Assuming the 90 days trading horizon Clean Power Hydrogen is expected to generate 1.32 times more return on investment than JPMorgan Emerging. However, Clean Power is 1.32 times more volatile than JPMorgan Emerging Markets. It trades about 0.24 of its potential returns per unit of risk. JPMorgan Emerging Markets is currently generating about 0.1 per unit of risk. If you would invest  720.00  in Clean Power Hydrogen on November 2, 2024 and sell it today you would earn a total of  60.00  from holding Clean Power Hydrogen or generate 8.33% return on investment over 90 days.
Time Period3 Months [change]
DirectionMoves Against 
StrengthVery Weak
Accuracy100.0%
ValuesDaily Returns

Clean Power Hydrogen  vs.  JPMorgan Emerging Markets

 Performance 
       Timeline  
Clean Power Hydrogen 

Risk-Adjusted Performance

0 of 100

 
Weak
 
Strong
Very Weak
Over the last 90 days Clean Power Hydrogen has generated negative risk-adjusted returns adding no value to investors with long positions. In spite of unsteady performance in the last few months, the Stock's basic indicators remain comparatively stable which may send shares a bit higher in March 2025. The newest uproar may also be a sign of mid-term up-swing for the firm private investors.
JPMorgan Emerging Markets 

Risk-Adjusted Performance

6 of 100

 
Weak
 
Strong
Modest
Compared to the overall equity markets, risk-adjusted returns on investments in JPMorgan Emerging Markets are ranked lower than 6 (%) of all global equities and portfolios over the last 90 days. In spite of rather sound technical and fundamental indicators, JPMorgan Emerging is not utilizing all of its potentials. The latest stock price tumult, may contribute to shorter-term losses for the shareholders.

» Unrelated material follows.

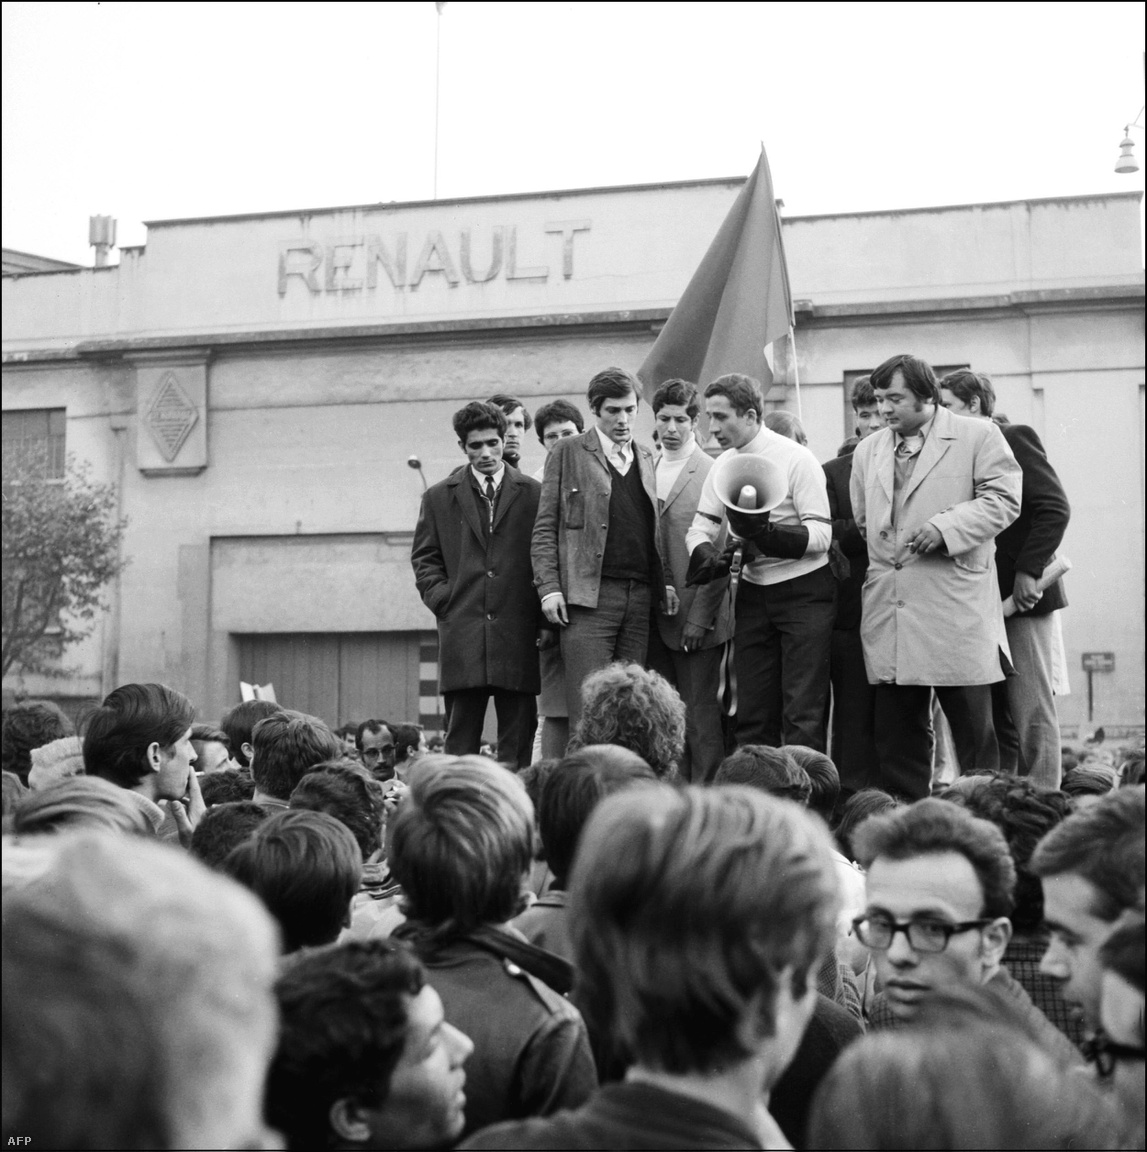 De össztársadalmilag a gyárfoglalások voltak döntők; a munkásosztály megmozdulása a diákokéval szemben valóban létében fenyegette a rendszert. A francia történelem legnagyobb általános sztrájkjában 9 millióan vettek részt, ez, és az egymilliós utcai tüntetés megrengette de Gaulle hatalmát. Nem is csak az övét: a munkásokra a kritikák szerint rátelepedett régi szakszervezetekét is; 1968 lázadása annyiban is az újbaloldal születése, hogy a hagyományos munkásmozgalmi alakulatok, pártok és érdekvédelmi szervezetek képtelenek voltak uralni az eseményeket.

Clean Power and JPMorgan Emerging Volatility Contrast

   Predicted Return Density   
       Returns  

Pair Trading with Clean Power and JPMorgan Emerging

The main advantage of trading using opposite Clean Power and JPMorgan Emerging positions is that it hedges away some unsystematic risk. Because of two separate transactions, even if Clean Power position performs unexpectedly, JPMorgan Emerging can make up some of the losses. Pair trading also minimizes risk from directional movements in the market. For example, if an entire industry or sector drops because of unexpected headlines, the short position in JPMorgan Emerging will offset losses from the drop in JPMorgan Emerging's long position.
The idea behind Clean Power Hydrogen and JPMorgan Emerging Markets pairs trading is to make the combined position market-neutral, meaning the overall market's direction will not affect its win or loss (or potential downside or upside). This can be achieved by designing a pairs trade with two highly correlated stocks or equities that operate in a similar space or sector, making it possible to obtain profits through simple and relatively low-risk investment.
Check out your portfolio center.
Note that this page's information should be used as a complementary analysis to find the right mix of equity instruments to add to your existing portfolios or create a brand new portfolio. You can also try the Transaction History module to view history of all your transactions and understand their impact on performance.